Après que les premiers militaires canadiens eurent foulé le sol du Mali, un escadron d'hélicoptères de Petawawa, dans l'Est ontarien, s'apprête aussi à s'envoler vers l'Afrique de l'Ouest pour intégrer une périlleuse mission de maintien de la paix. Rencontre avec le major Dominique Simard, un pilote de Chinook qui sera responsable des évacuations aéromédicales pour les Nations unies.

Un texte de Yasmine Mehdi

Dans un vaste hangar où s’entassent boîtes de métal et uniformes kaki, les soldats du 450e escadron tactique d’hélicoptères de Petawawa bouclent les derniers préparatifs de leur déploiement.

Ici, l’atmosphère est fébrile. Dans quelques jours, ces soldats quitteront l’humidité de l’Est ontarien pour l’aridité du désert malien, où ils se joindront aux forces onusiennes en place depuis 2013.

Dominique Simard, 35 ans, fait partie des quelque 250 militaires canadiens qui porteront bientôt un Casque bleu. Sourire timide et accent saguenéen, le pilote d’hélicoptère n’en est pas à sa première mission à l’étranger ; après l’Afghanistan en 2010, il dit avoir très hâte de partir au Mali.

« On se prépare beaucoup pour les déploiements », explique-t-il. « Le fait d’avoir une mission et un objectif, ça gratifie le travail qu’on fait quotidiennement. »

Depuis près de trois mois, le major Simard et ses hommes s’entraînent sans relâche à Petawawa, en plus de s’être rendus sur les bases de Cold Lake et de Wainwright, en Alberta.

Ils veulent être fin prêts : la mission de maintien de la paix qu’ils s’apprêtent à intégrer est la plus meurtrière en cours et déjà coûté la vie à plus de 160 Casques bleus.

« Le risque principal pour lequel on se prépare est relié à l’environnement, à la chaleur et aux conditions poussiéreuses », explique le major Simard. « On a fait plusieurs scénarios par jour pendant plusieurs semaines pour vraiment développer les procédures qu’on va utiliser au Mali. »

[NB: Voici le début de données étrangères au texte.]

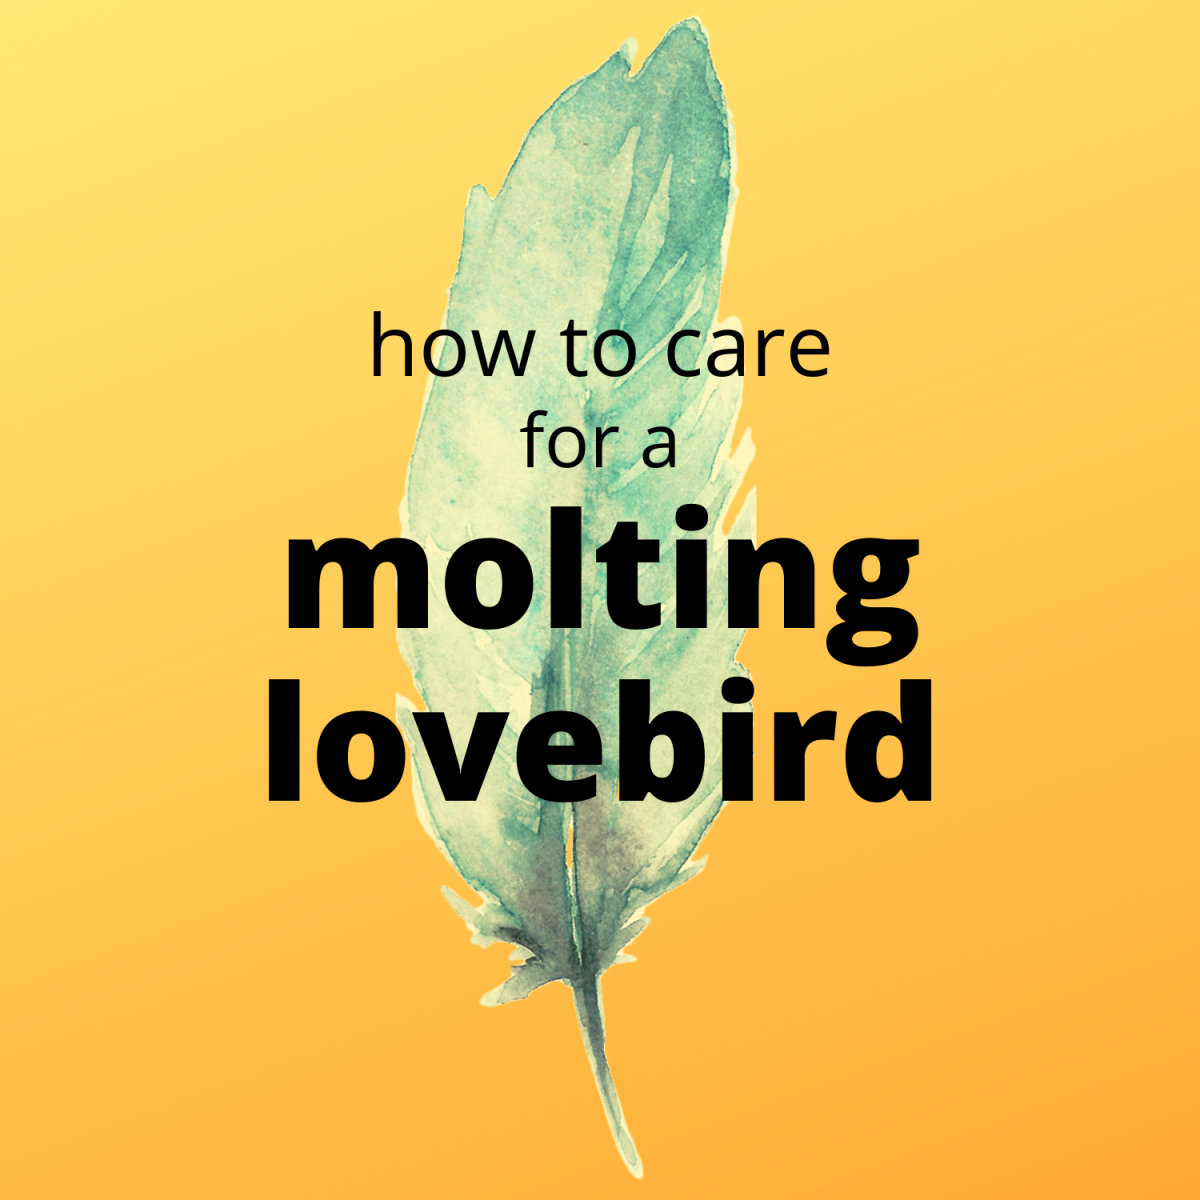 lovebird-molting-symptoms-and-care

Car Dominique Simard ne sera pas seul à bord du Chinook. Il transportera une équipe de premiers répondants médicaux chargés de porter secours aux soldats blessés au milieu du désert. « Le plus rapidement possible », souligne le major, en désignant les civières et le matériel médical à l’intérieur de l’hélicoptère.

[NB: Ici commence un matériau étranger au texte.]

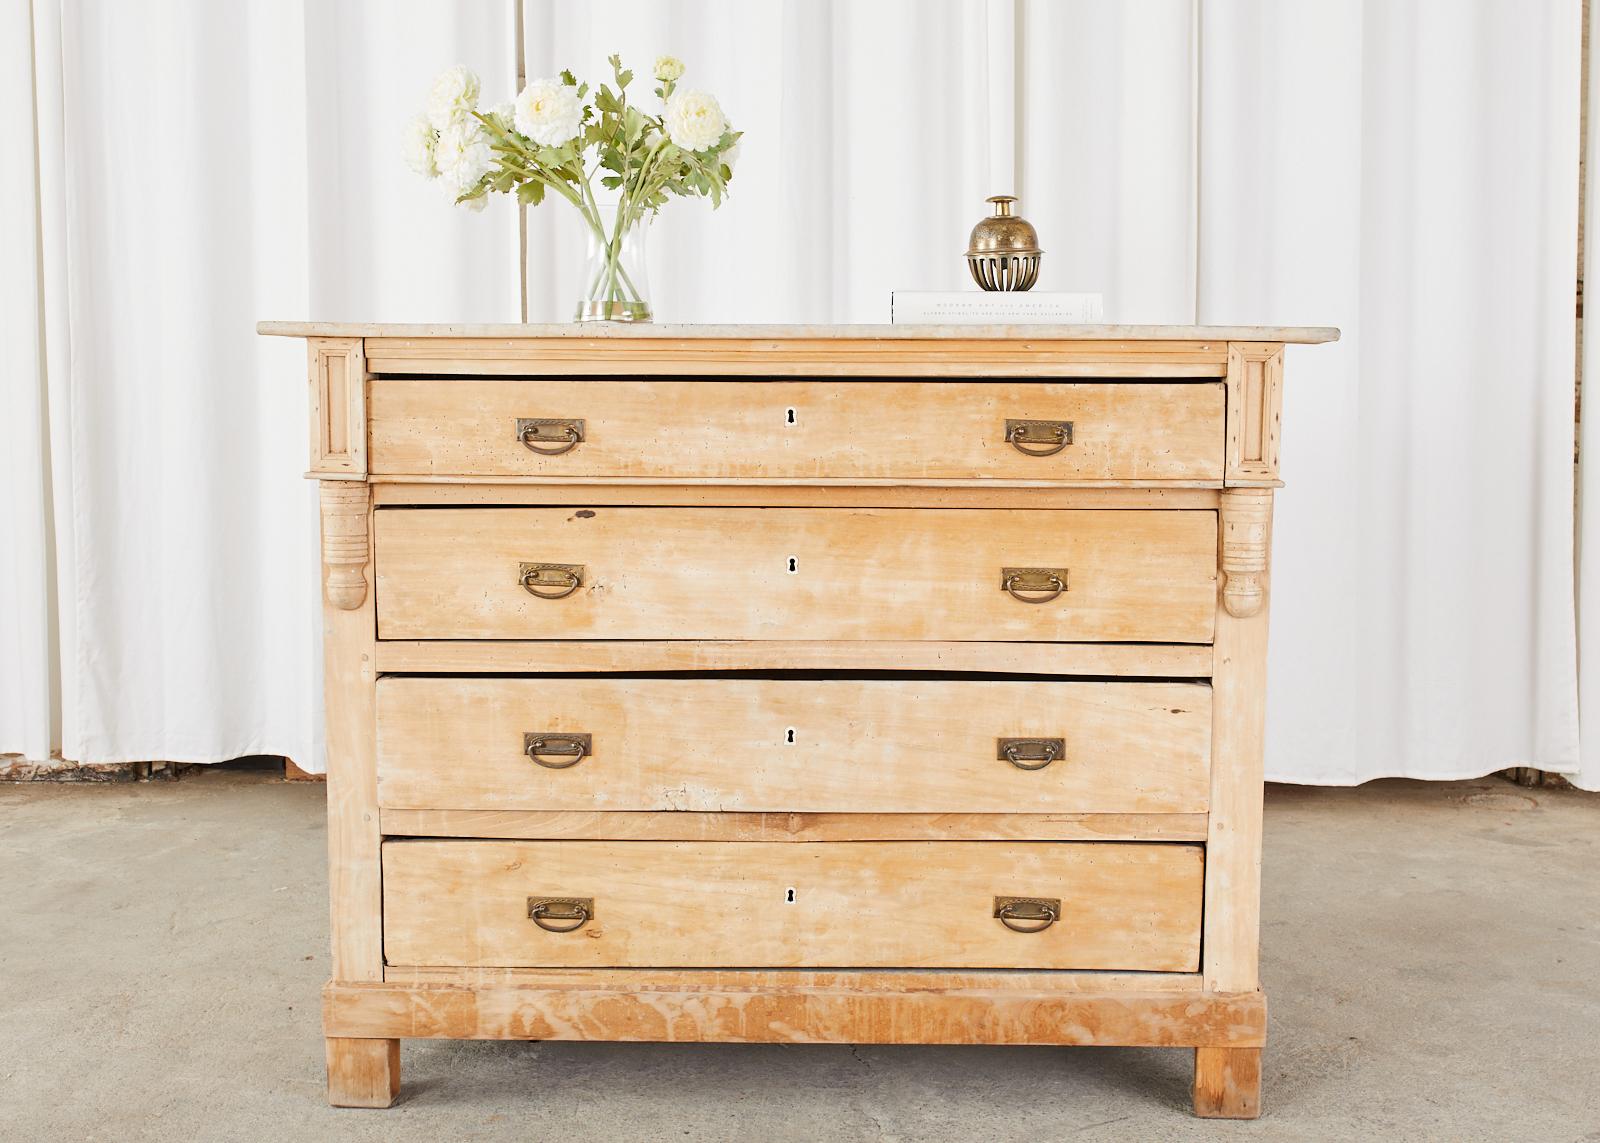 Rustic 19th century Swedish pine commode or chest of drawers featuring a bleached finish. The large chest has four generous wide storage drawers with brass pulls. The case has a beautifully aged patina on the washed pine. Solid and stable

En tout, le gouvernement fournira six hélicoptères à la Mission multidimensionnelle intégrée des Nations unies pour la stabilisation du Mali (MINUSMA), pendant un an.

Une contribution annoncée en mars et qualifiée de modeste par plusieurs experts, puisque plus de 12 000 soldats d’une cinquantaine de pays participent déjà à la mission malienne de l’ONU.

Une mission meurtrière dans un pays instable

Dominique Simard est enthousiaste à l’idée de « partir aider la MINUSMA ». Il dit avoir confiance en son équipe et rappelle que les Canadiens seront responsables des évacuations aéromédicales : un rôle de soutien, qui devrait les exposer à moins de danger.

« C’est dur de passer le même niveau de confiance à nos familles, même si leur soutien est très important dans notre travail », avoue néanmoins le jeune père de famille.

« Même en essayant de rassurer nos familles et en leur disant que le risque est mitigé [...] ça fait partie de leur travail de s’inquiéter pour nous. »

« On parle de mouvements terroristes, on parle de groupes armés irréguliers, on parle de problèmes politiques, il y a des conflits entre les différentes ethnies, donc c’est extrêmement complexe » souligne le directeur général d’Avocats Sans Frontières Canada, Pascal Paradis, qui rappelle que la signature d’accords de paix en 2015 n’a pas stoppé la violence au nord et au centre du Mali.

« Par contre, l’impact que le Canada peut avoir au Mali par rapport à d’autres situations dans le monde est très significatif et je pense que c’est une contribution dont on peut être fiers et qui peut avoir un impact là-bas, mais ici aussi », croit l’expert.

Le major Dominique Simard abonde dans le même sens: « C’est une mission très valorisante. La tâche qu’on va faire, préserver la vie des troupes, c’est très gratifiant comme travail », sourit le militaire.